Health care costs continued to experience strong inflationary pressures for the year ended December 31, 2008. In total, health care and related costs
increased $9.2 million for the year ended December 31, 2008 as compared to the combined periods for the year ended December 31, 2007. For 2009, the
Company estimates that it will be able to hold its healthcare costs, on a per employee basis, at 2008 levels through the replacement of certain service providers
at favorable rates.
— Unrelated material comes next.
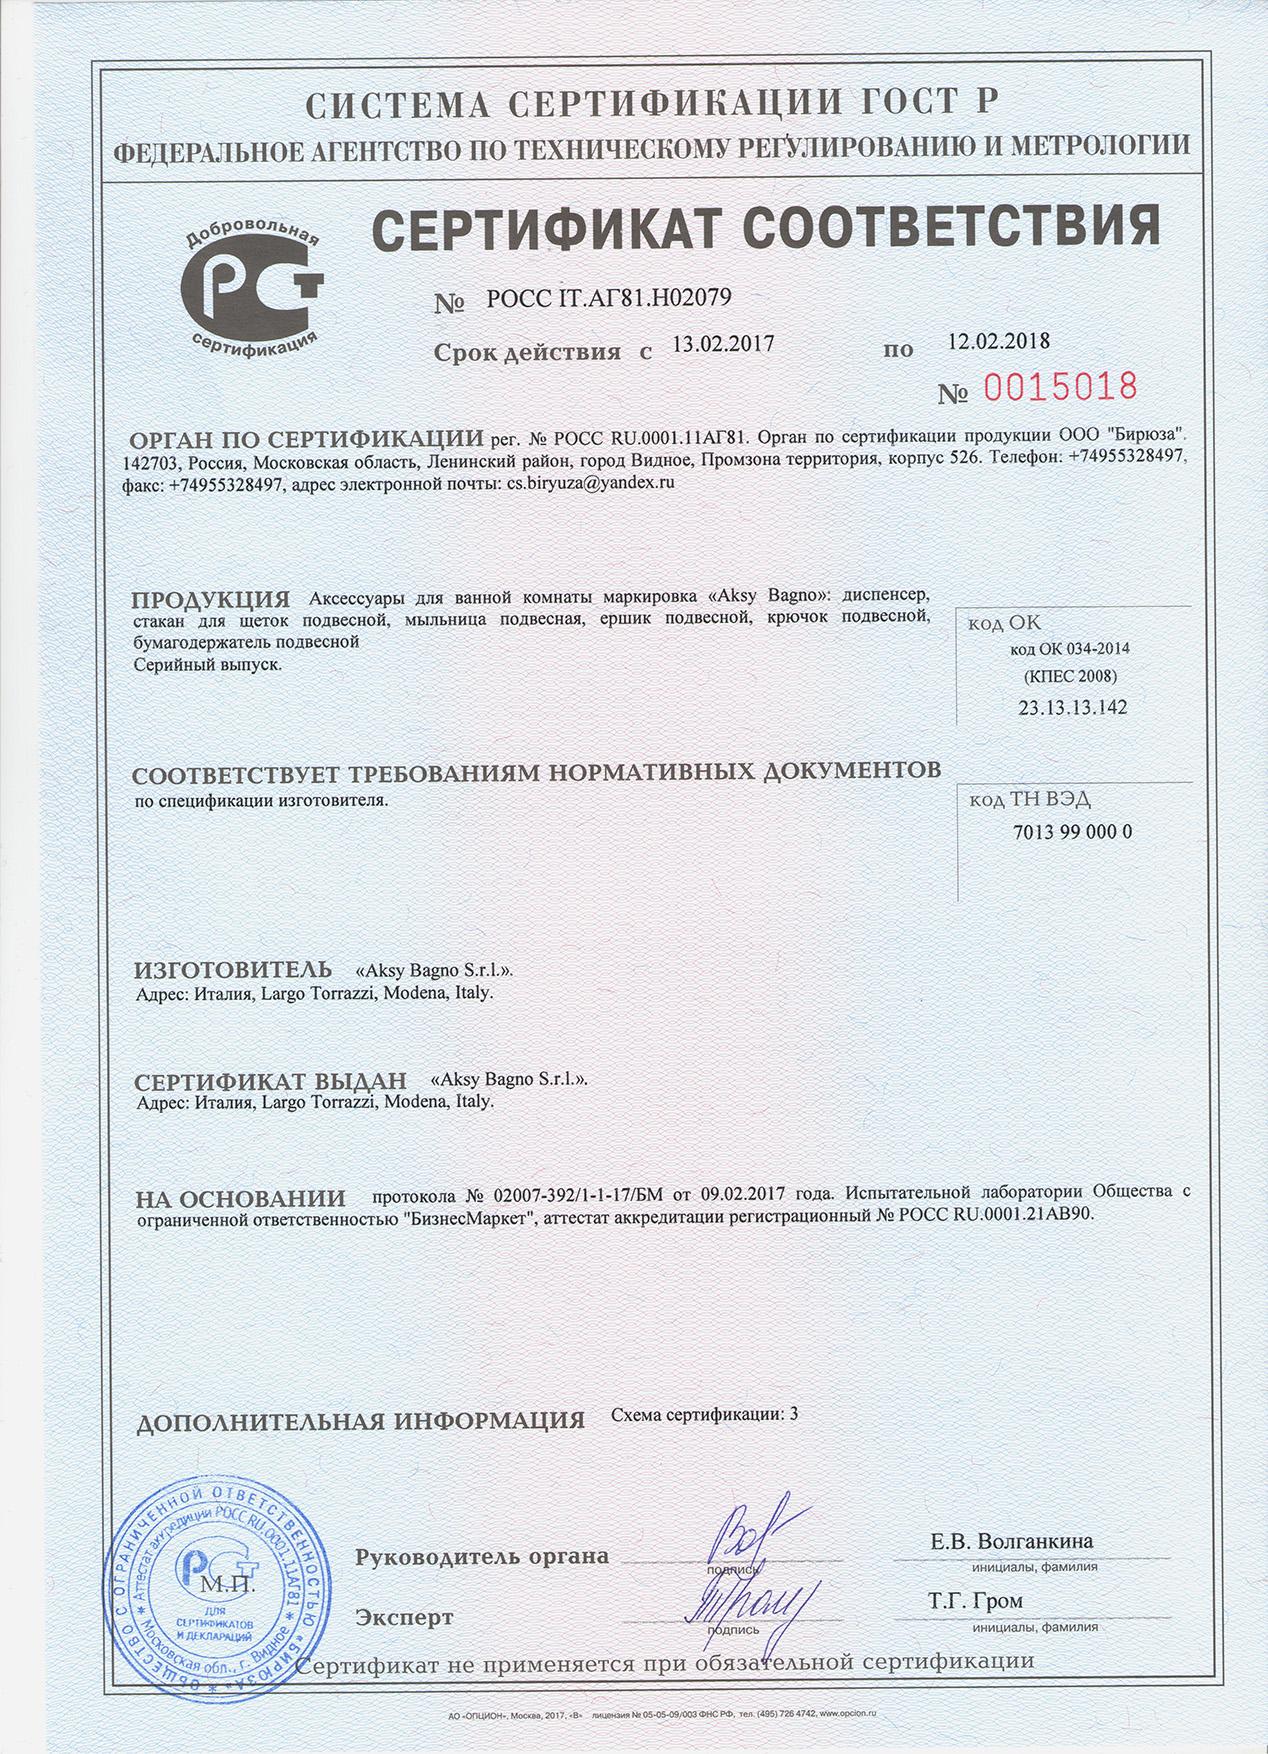 Сертификат качества аксессуаров
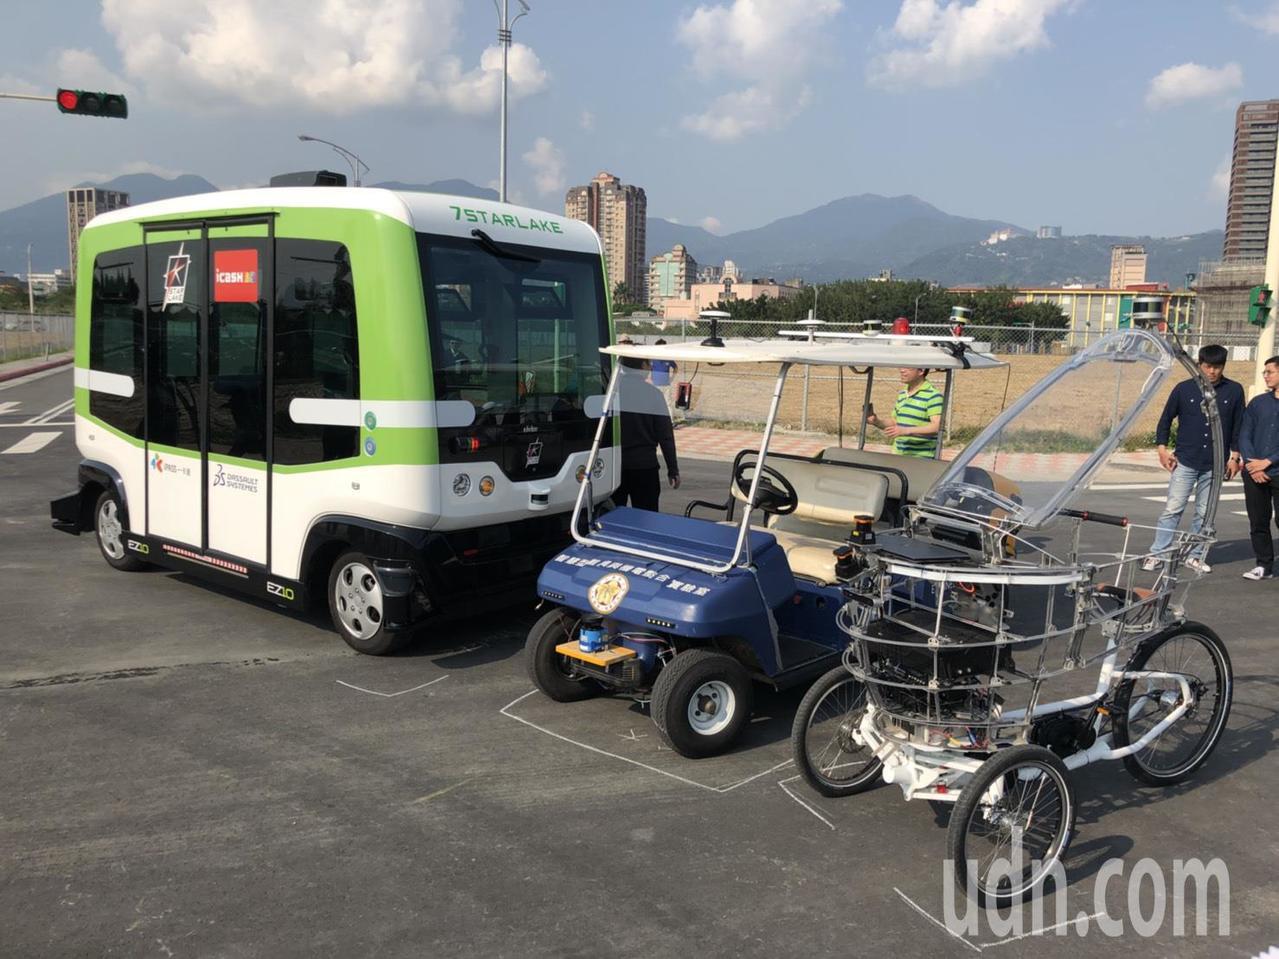 除了無人小巴外,今天曝光的還有台大設計的無人高爾夫球車,以及北科大設計的PEV自...

We do expect to incur incremental aggregate healthcare costs in 2009 as compared to 2008 as a result of certain provisions of the American
Recovery and Reinvestment Act of 2009, but such incremental costs are not currently expected to be material.
Changes in short term interest rates have had a beneficial impact on the Company's business on both operating income (loss) and non-operating expense
(income) by virtue of the effect on variable rate-based fleet and occupancy leases which was partially offset by the negative effect on investment income.
Short term interest rates have improved the Company's results of operations by approximately $26.5 million pre-tax for the year ended December 31, 2008
compared to the combined periods for the year ended December 31, 2007.
Operating and Non-Operating Expenses
The Company reported cost of services rendered and products sold of $2,024.2 million for the year ended December 31, 2008 compared to
$898.5 million and $1,196.3 million for the Successor period from July 25, 2007 to December 31, 2007 and the Predecessor period from January 1, 2007 to
July 24, 2007, respectively. The year ended December 31, 2008 and the Successor period from July 25, 2007 to December 31, 2007 include an $0.8 million
(non-cash) and $10.1 million (non-cash) decrease, respectively, in cost of services rendered and products sold from recording deferred costs of services at
their fair value in connection with purchase accounting. Excluding the impact of purchase accounting, these costs decreased as a percentage of revenue to
60.5 percent for the year ended December 31, 2008 from 61.6 percent for the combined periods for year ended December 31, 2007. This decrease primarily
reflects the impact of improved labor efficiency at Terminix offset by increases in fuel, fertilizer, healthcare and other factor costs throughout the enterprise.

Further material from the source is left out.